Aksaray (literally "White Palace" in Turkish) is a neighbourhood in the municipality and district of Fatih, Istanbul Province, Turkey. Its population is 8,541 (2022). It is so named because it was founded by migrants from Aksaray in central Turkey, brought here in the 15th century by Mehmet II to repopulate the city after its conquest.

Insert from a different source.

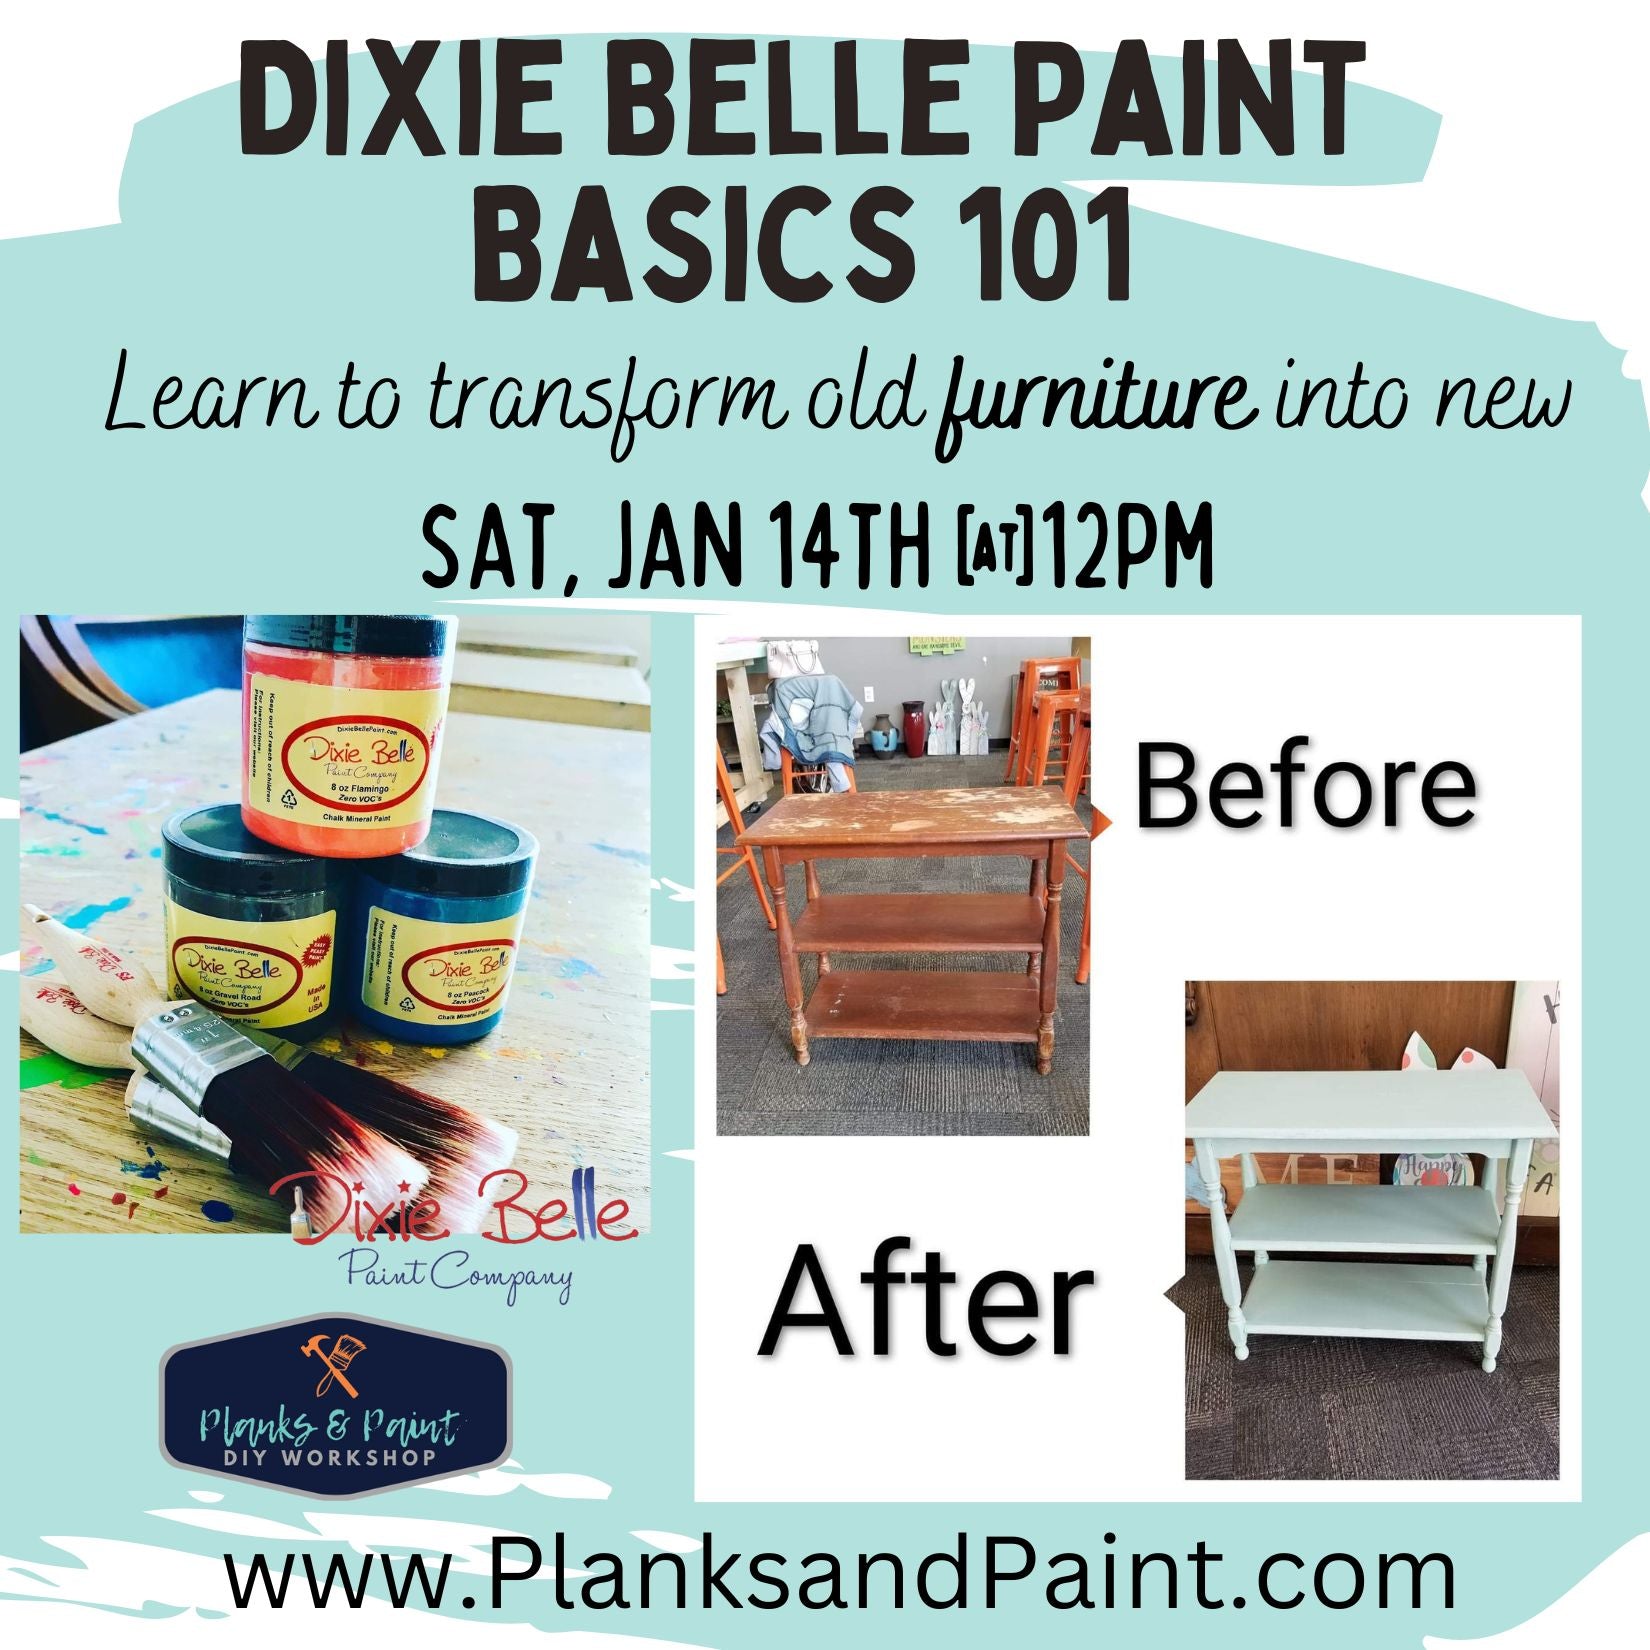 Sanding Sponge - Dixie Belle Paint Company

Aksaray is a mainly modern neighbourhood centred on a busy square. It was historically known as Bóos, (Latin: Forum Bovis, Greek: ὁ Bοῦς, romanized: o Bous), It has a large population of migrants from the southeast of the country and many restaurants serve the cuisine of Şanlıurfa, Diyarbakır and Hatay. More recently it has also acquired a large population of Syrian refugees who have introduced their own cuisine to the mix. There are many shops and hotels here.

To the east, Aksaray borders the textile-retailing neighbourhood of Laleli while to the west, along Millet Caddesi, lies Çapa. To the south is Yenikapı and to the north Fatih. Busy Vatan Caddesi (AKA Adnan Menderes Bulvarı) runs northwest from Aksaray towards the City Walls, following the route of the lost Lycos river.

==Attractions==
The Pertevniyal Valide Sultan Mosque stands by the busy road junction near Aksaray tram stop. Squeezed in between Aksaray and Yusufpaşa is the smaller, older and much less conspicuous Murad Pasha Mosque, built in 1473 in the early Ottoman architectural style perfected in Bursa.

On Aksaray Square the wooden Hindiler (Horhor) Tekkesi has been rebuilt behind an austere stone fountain. The small Camcılar (Glaziers) Mosque is also being rebuilt on the edge of the square.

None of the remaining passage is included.